# Rotation aller Objekte einer 3D-Szene



## whitebrazilian (11. Mai 2011)

Hallo,

ich habe mir eine Primitive Box erstellt und möchte nun in diese Box weitere Boxen hineinsetzen. Solange ich die kleine Box an dieselbe TransformGroup hänge, welche ich im MouseRotate setze, dreht sich die kleine Box mit. Sobald ich eine weitere TransformGroup für die kleine Box erstelle, funktioniert das natürlich nicht mehr, da ich nicht zwei TransformGroups an das MouseRotate-Objekt übergeben kann.
Ich muss aber mehrere TransformGroups erstellen, weil ich den kleinen Boxen ihre Position im Universum mitgeben möchte. Oder kann ich einem 3D-Objekt unabhängig von der TransformGroup die Position mitgeben?

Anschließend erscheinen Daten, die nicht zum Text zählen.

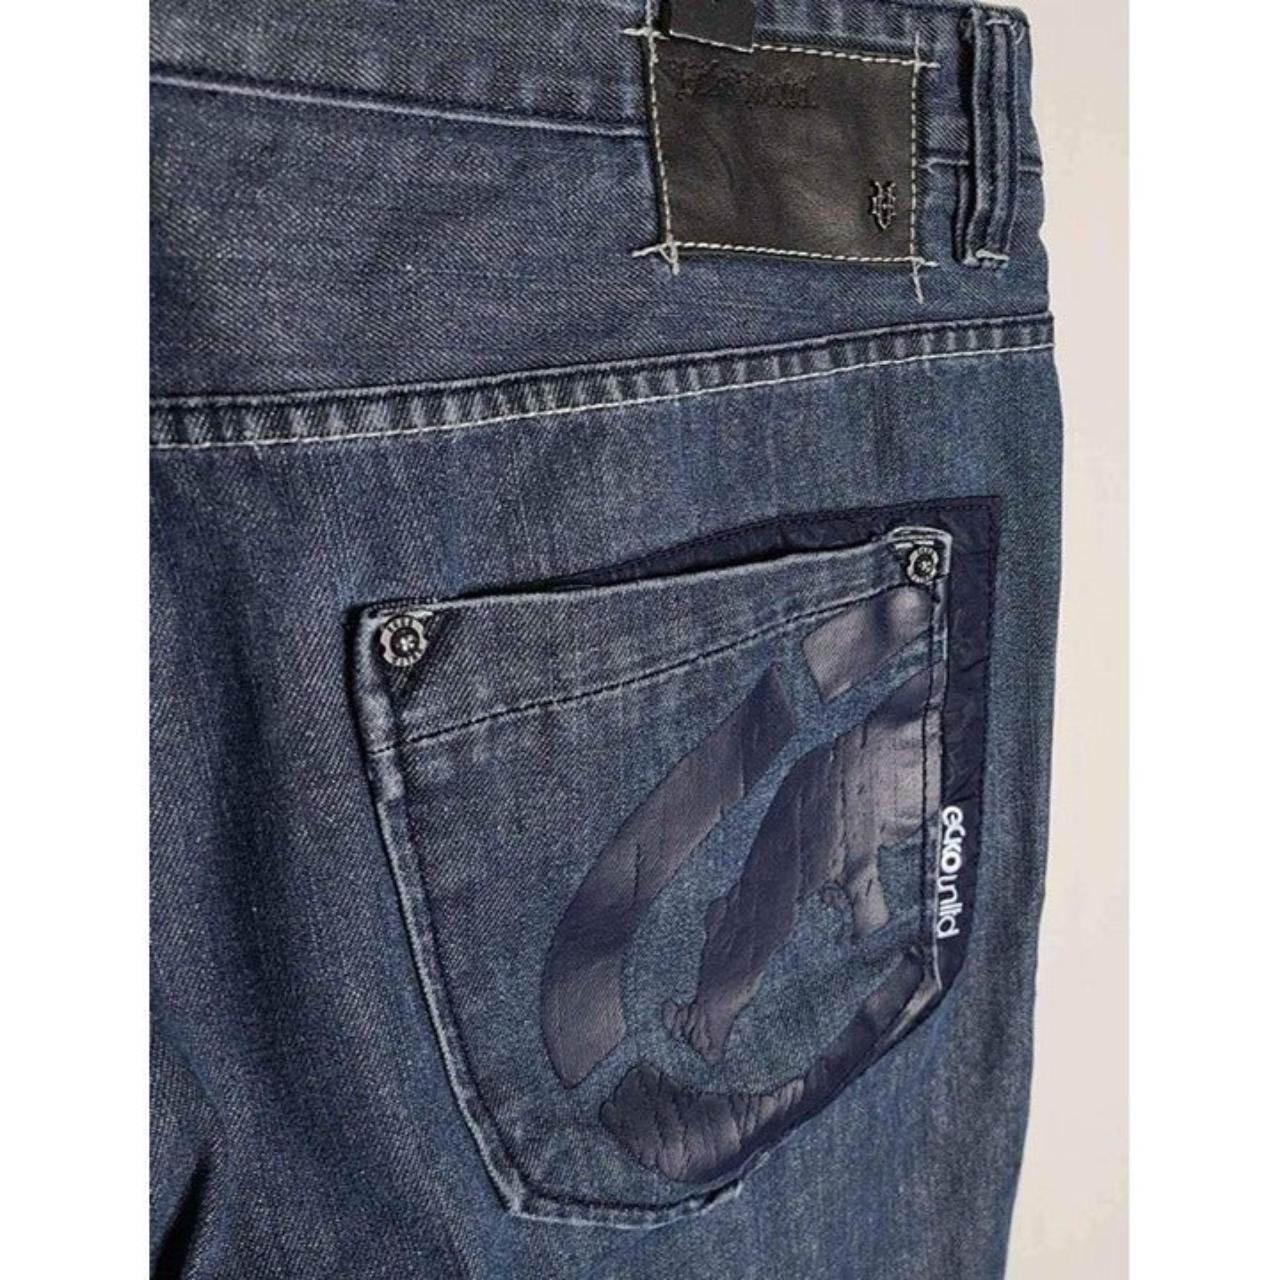 Ecko Unltd. Men's Jeans (3)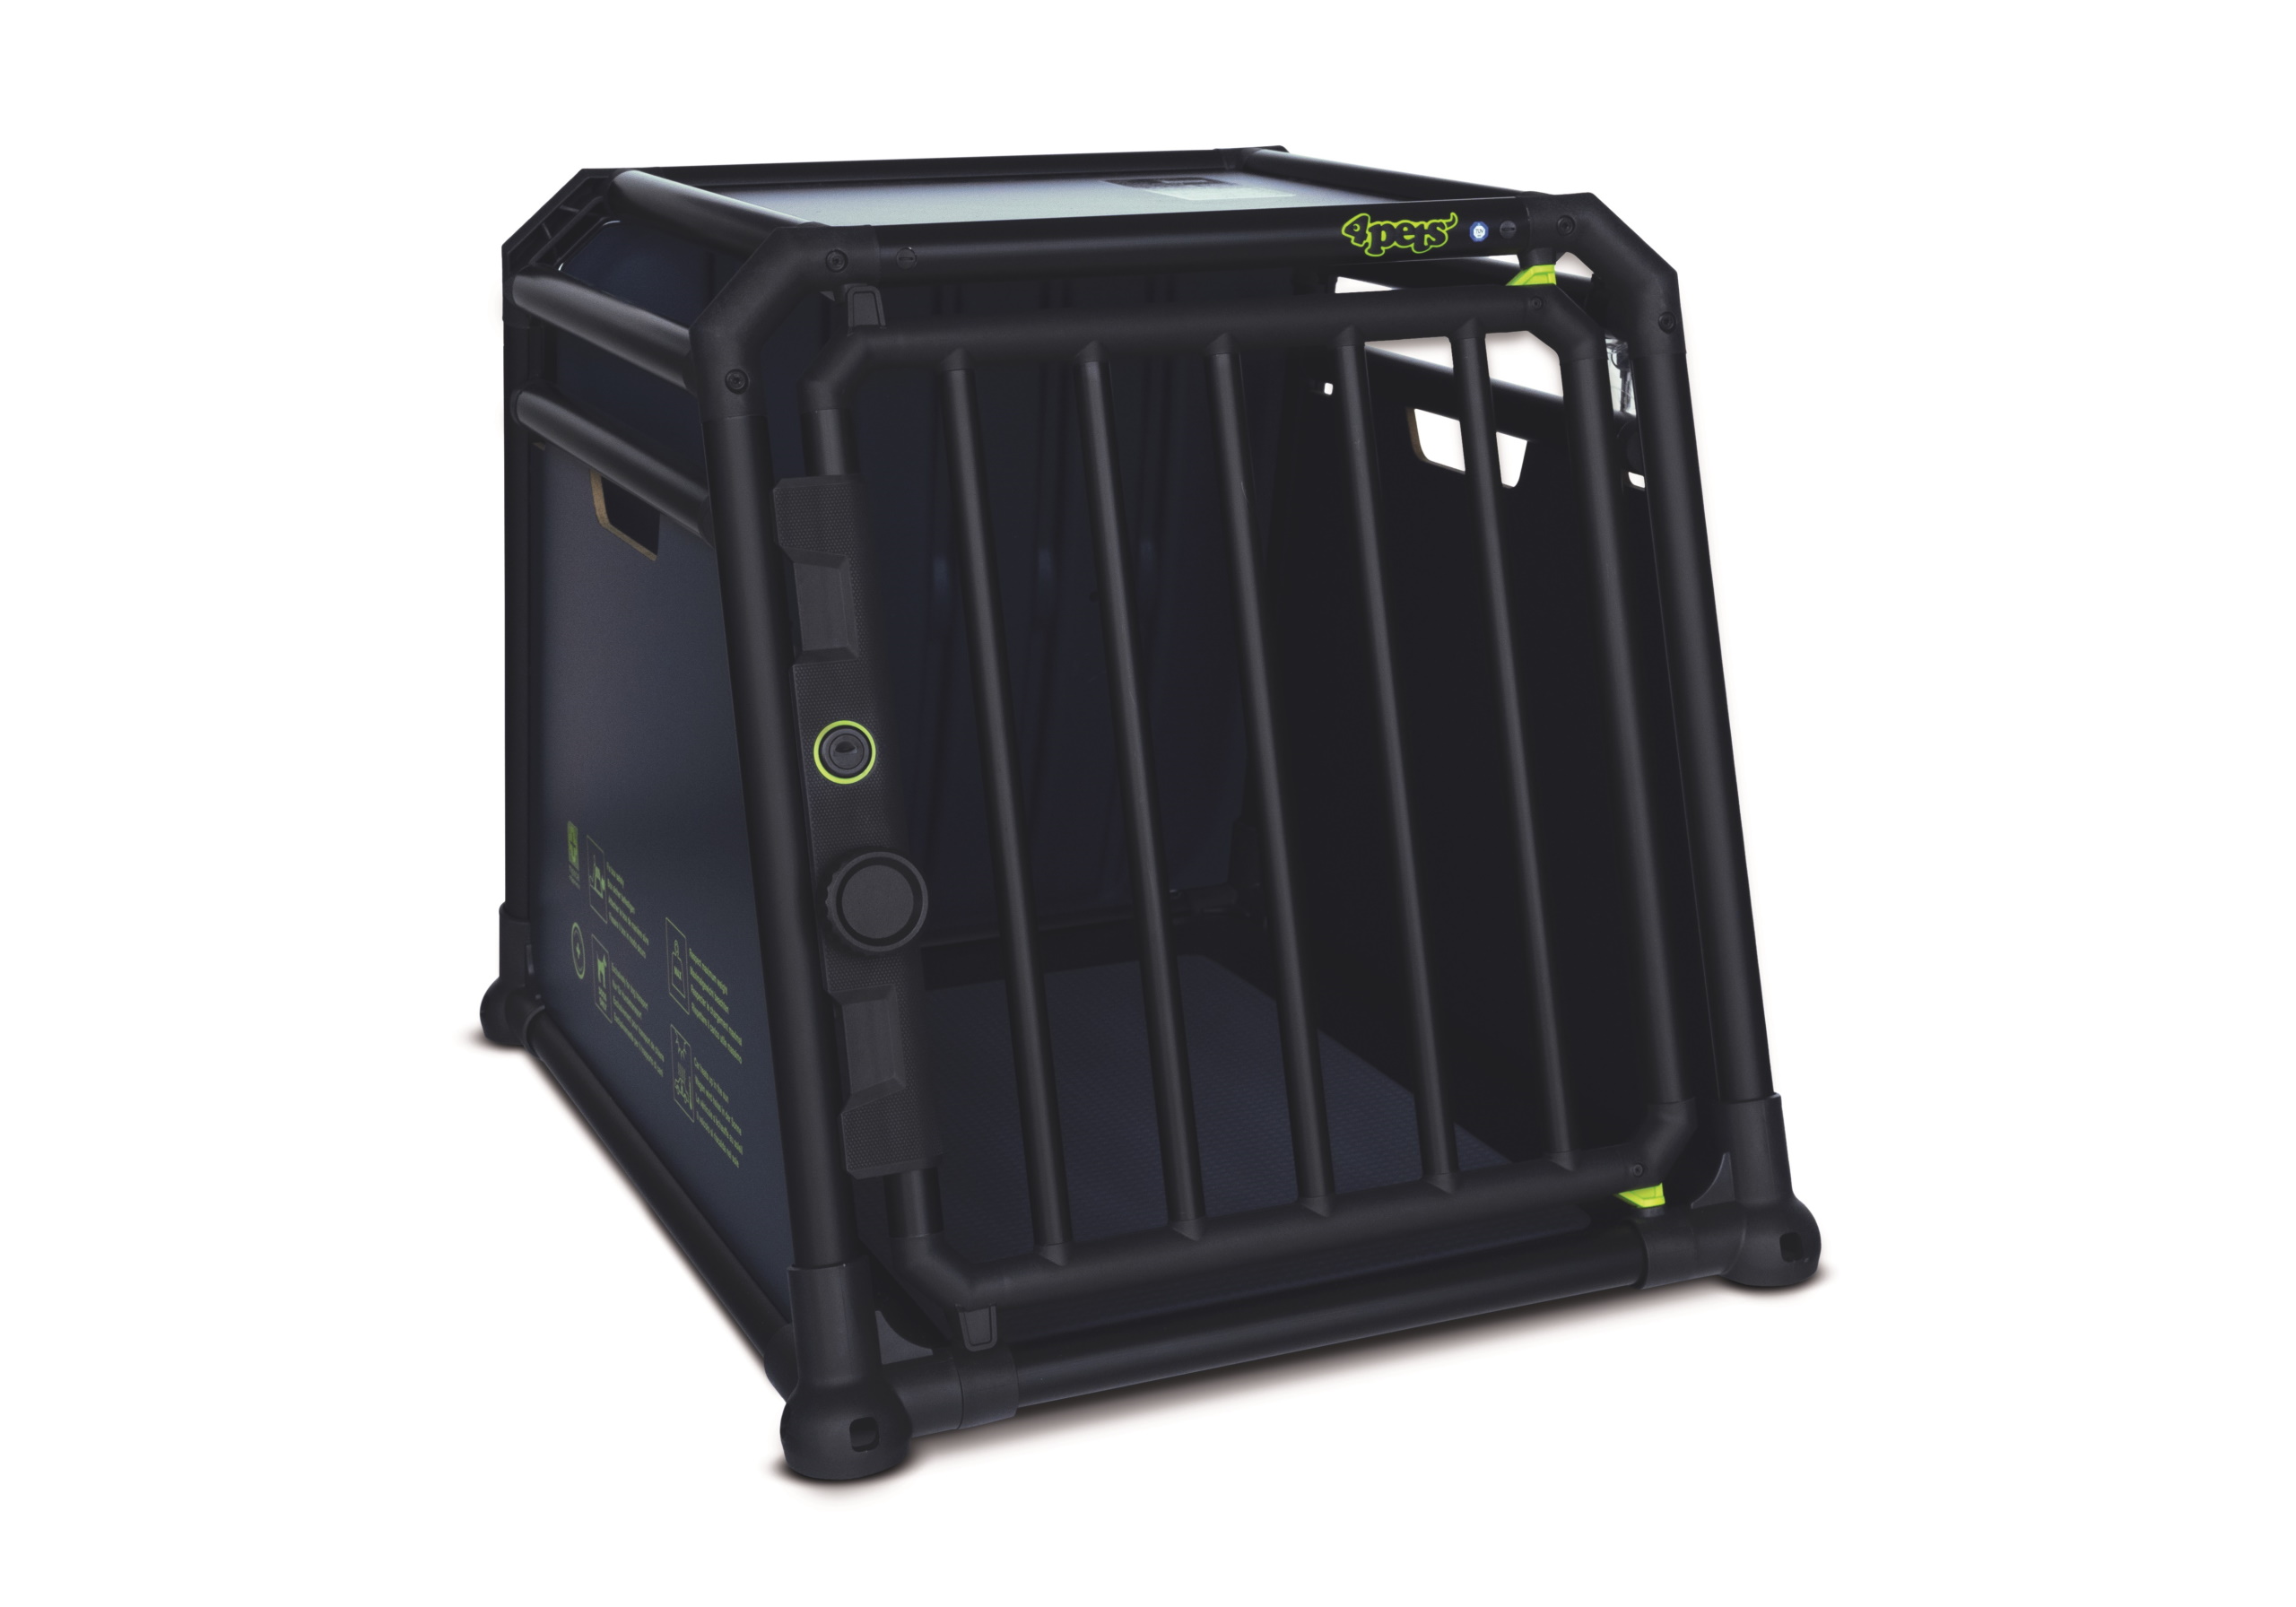 :BGPN1S - 4pets PRO, TV-approved black dog cage, size 1 - RETURNED

Bisher mache ich das mit der Methode setTranslation(new Vector3f(x,y,z)).

Vielen Dank!

Grüße,
whitebrazilian


----------



## Marco13 (11. Mai 2011)

Die einfachste/üblichste Methode ist, alles, was gedreht werden soll, an eine gemeinsame "Wurzel"-Transform3D zu hängen. Ob das hier angebracht ist, hängt, soweit ich das verstanden habe, von einer entscheidenden Frage ab: Sollen die Positionen der "Inneren" Boxes in _Weltkoordinaten_ angegeben werden, oder immer relativ zur Position der "Überbox"? (Im Zweifelsfall könnte die Überbox vielleicht im Ursprung liegen, aber das müßtest du genauer spezifizieren...)


----------



## whitebrazilian (11. Mai 2011)

Danke erstmal.
Die Überbox liegt in (0,0,-25) um sie besser sehen zu können. Da die inneren Boxen die Beladung eines LKWs darstellen sollen, wäre es sicher besser die Position relativ zur "Überbox" anzugeben, da die Ladung ja immer innerhalb dieser sein sollte.
Ich versuche im Moment, da ich mich erst langsam in Java3D einarbeite, die kleinen Boxen überhaupt einmal zu platzieren. Im besten Fall sollen diese am Ende per Drag and Drop in der großen Box platziert werden.


----------



## Marco13 (11. Mai 2011)

Drag & Drop kann belieibg aufwändig werden. Aber schon zur allgemeinen Frage der Platzierung müßte man genauer wissen, was da am Ende gehen soll. Es soll also "alles" gedreht werden können, und die kleinen Boxen relativ zur großen positioniert sein - aber wo kommt dann eine zweite TransformGroup für die Rotation ins spiel?


----------



## whitebrazilian (11. Mai 2011)

Also mal das eigentliche Problem:

Die Große Box soll die Ladefläche eines LKW darstellen. Diese soll vom Disponenten gedreht werden können um sich einen Überblick zu verschaffen. Dazu müssen sich auch die kleinen Boxen mitdrehen, weil es ja sonst keinen Sinn macht. Ich stelle mir eine Betrachtungsansicht vor, in der der Benutzer den LKW drehen kann und eine Editieransicht, in der er die kleinen Boxen wie folgt platzieren/verschieben kann:

Die kleinen Boxen sollen über Daten aus der Datenbank erstellt werden (dann zunächst irgendwo dargestellt werden: in einem extra Frame oder im selben Frame auf der Seite). Diese sollen dann vom Benutzer in der großen Box platziert werden. Entweder per Drag and Drop oder so, dass dem Benutzer in der Box ein Feld angezeigt wird, in welches nach anklicken die kleine Box gesetzt wird. Die Boxen sollen auch aufeinander gestapelt werden können.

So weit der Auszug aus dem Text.